_Raw data_.

================================

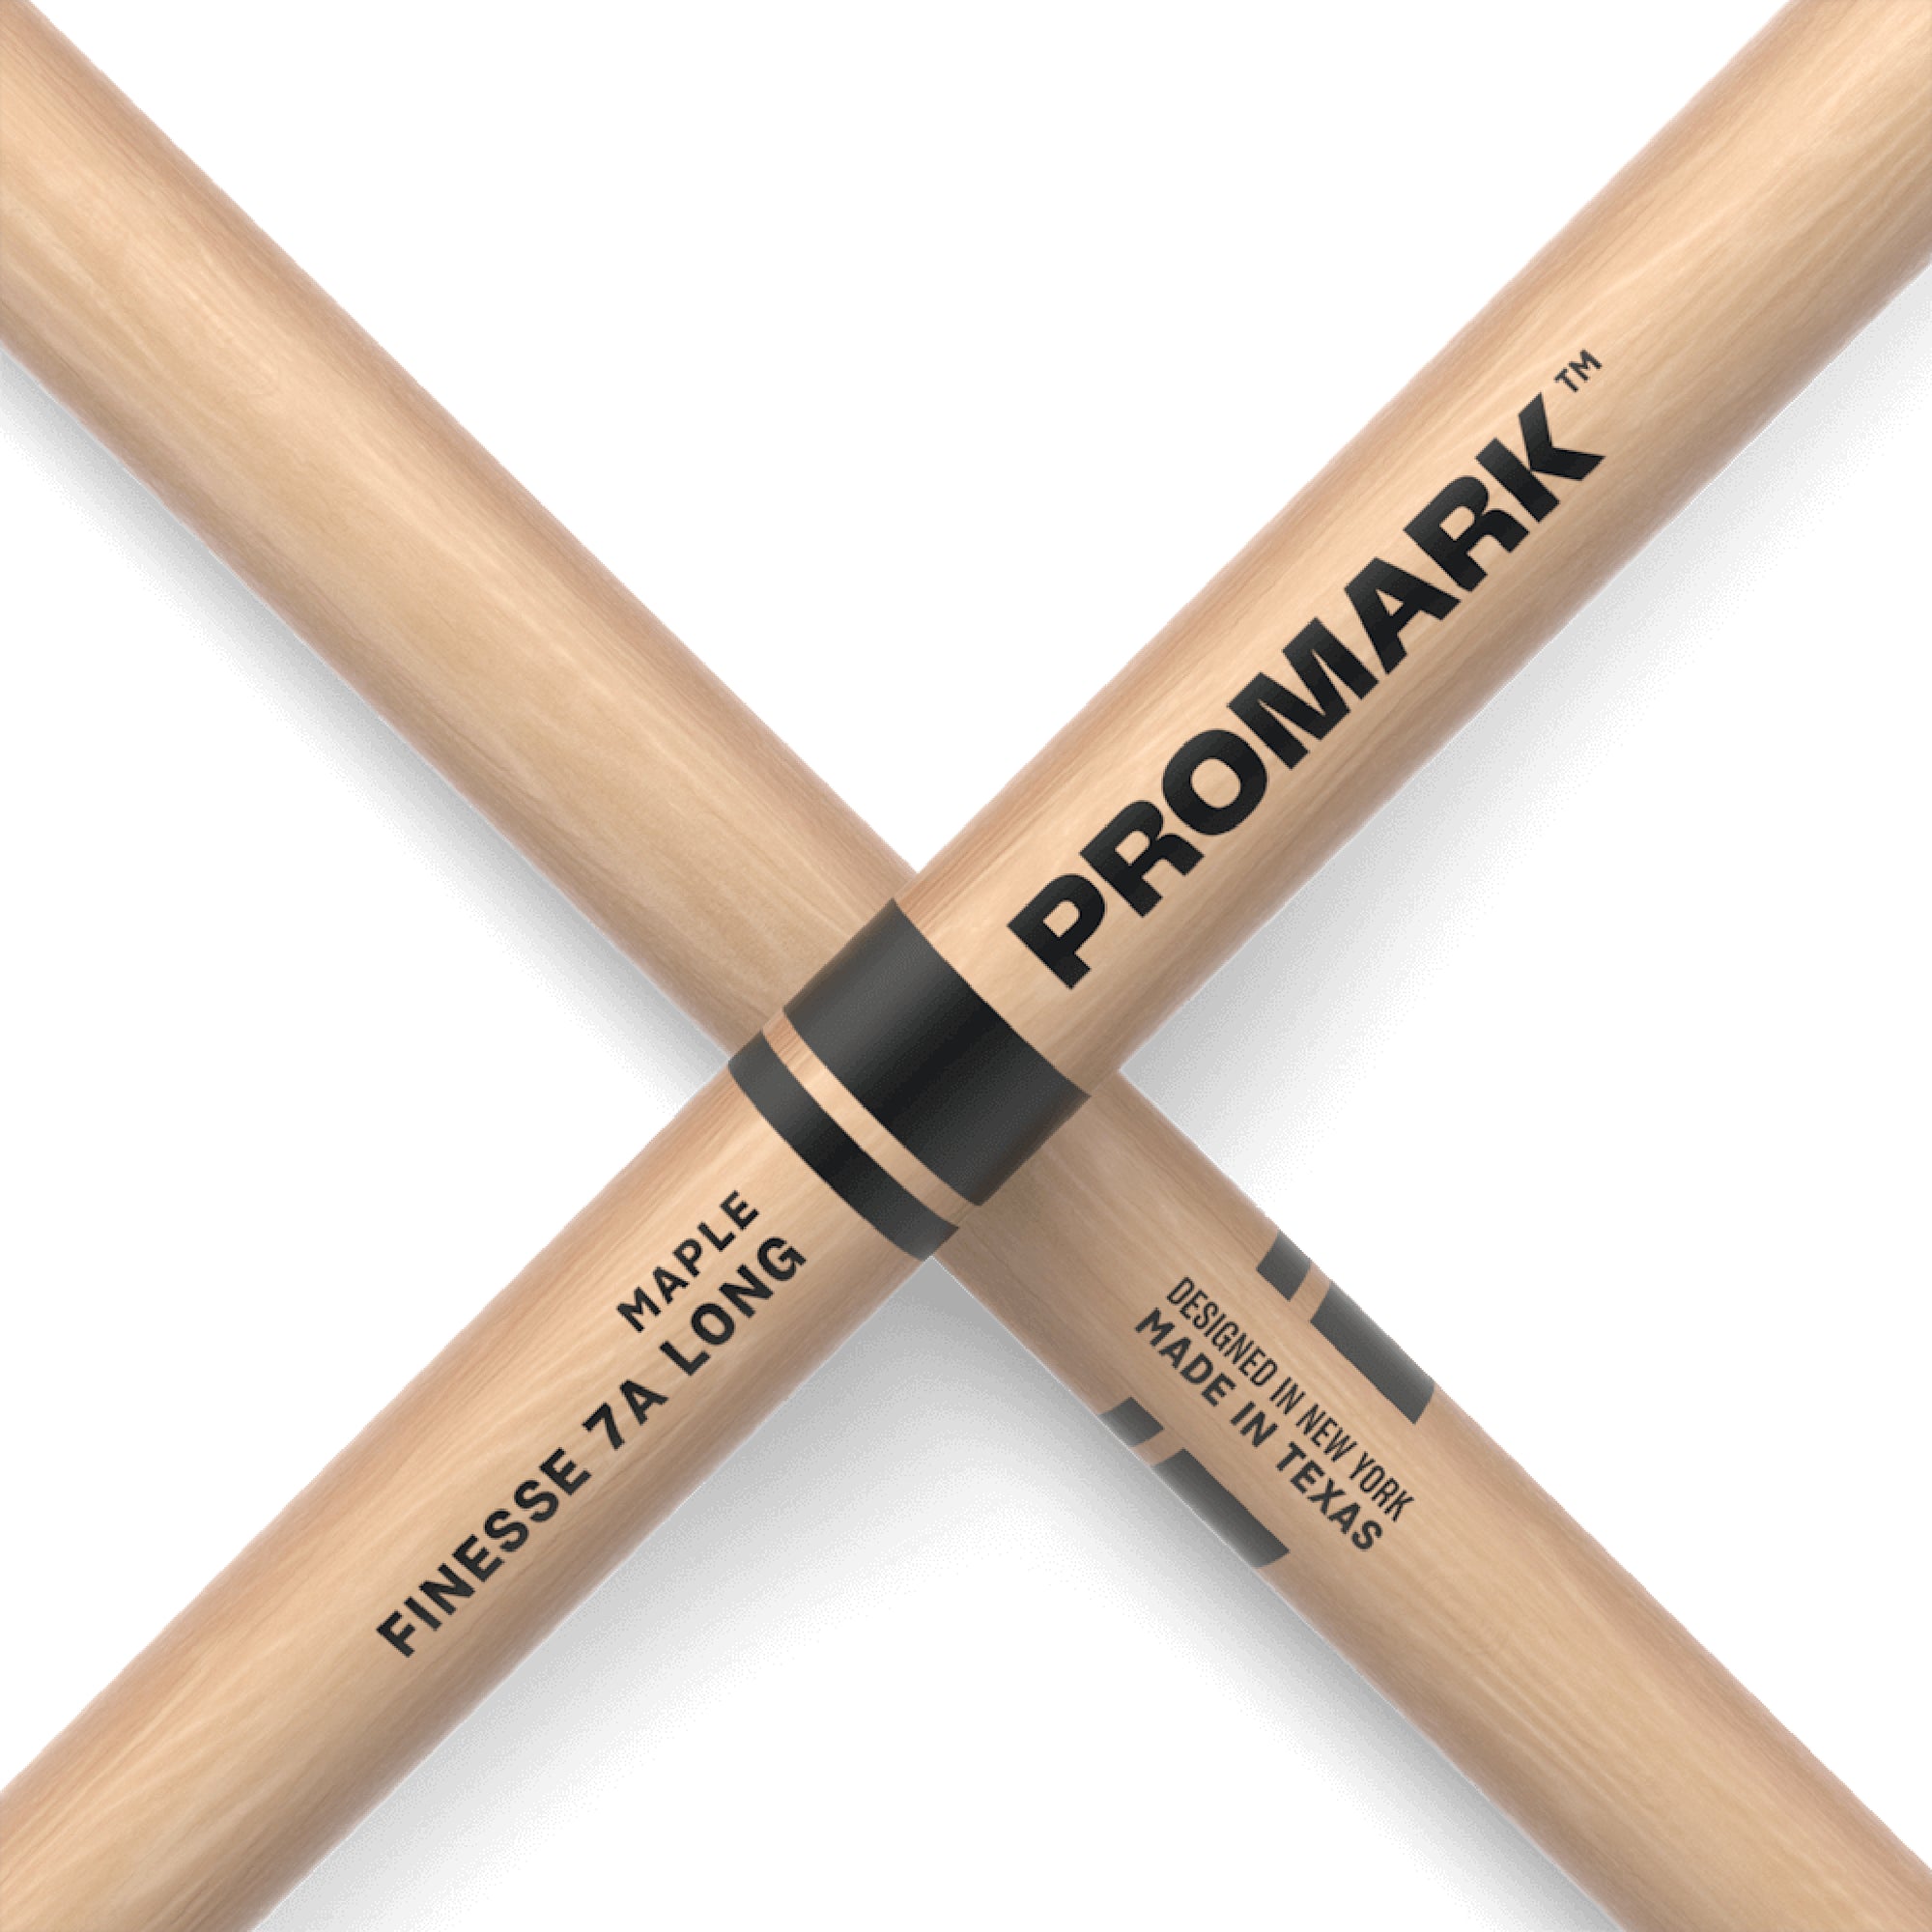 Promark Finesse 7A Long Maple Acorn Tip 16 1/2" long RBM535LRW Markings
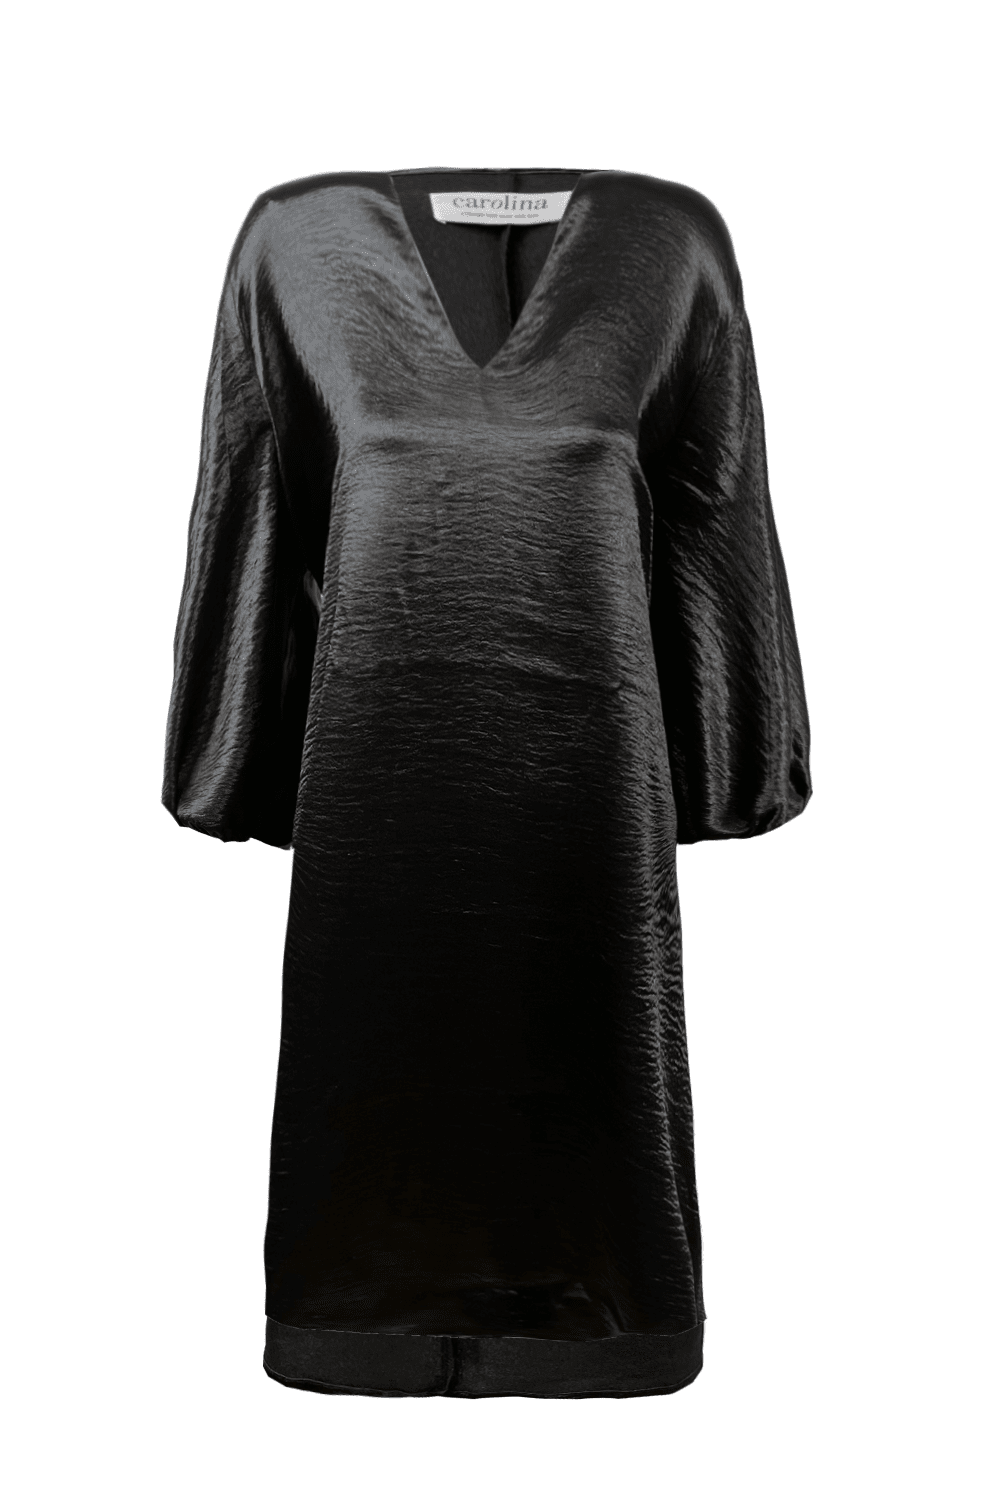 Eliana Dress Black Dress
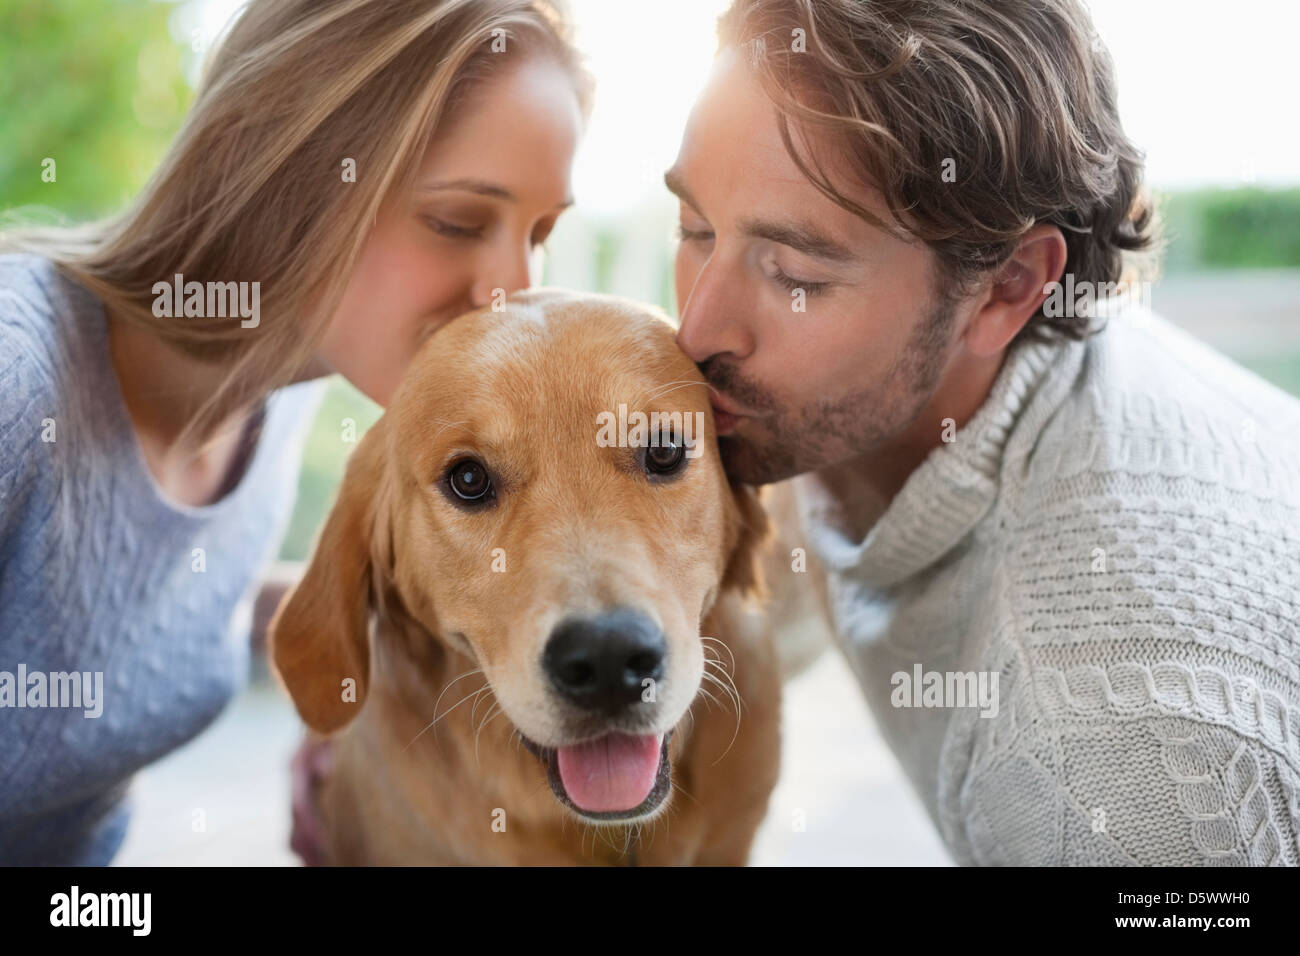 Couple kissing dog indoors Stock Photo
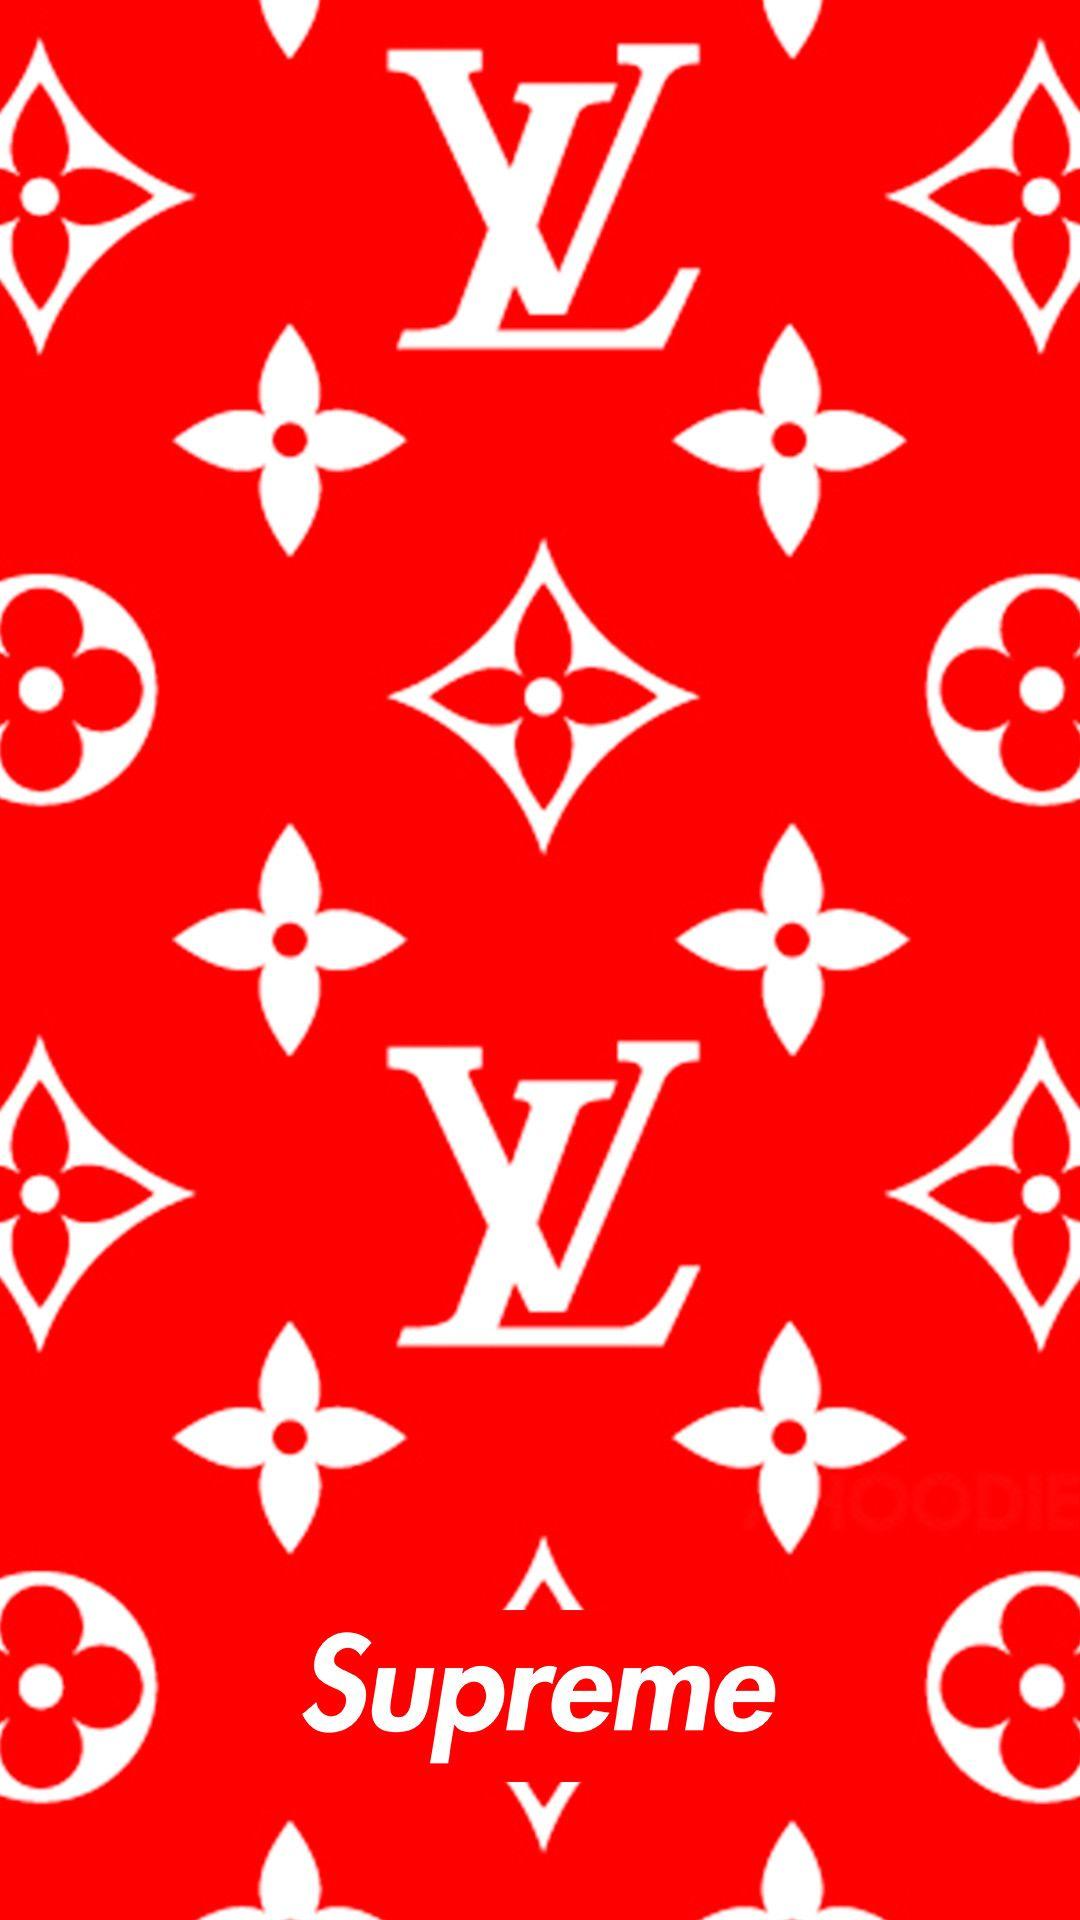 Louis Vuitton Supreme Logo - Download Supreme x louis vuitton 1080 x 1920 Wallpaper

================================

_The task_. Only those lines from the one containing "Couple kissing dog indoors Stock Photo" to the end of the material above, retyped exactly and without pictures, belong in your reply.

_Response for this exercise_.
 Couple kissing dog indoors Stock Photo
 Louis Vuitton Supreme Logo - Download Supreme x louis vuitton 1080 x 1920 Wallpaper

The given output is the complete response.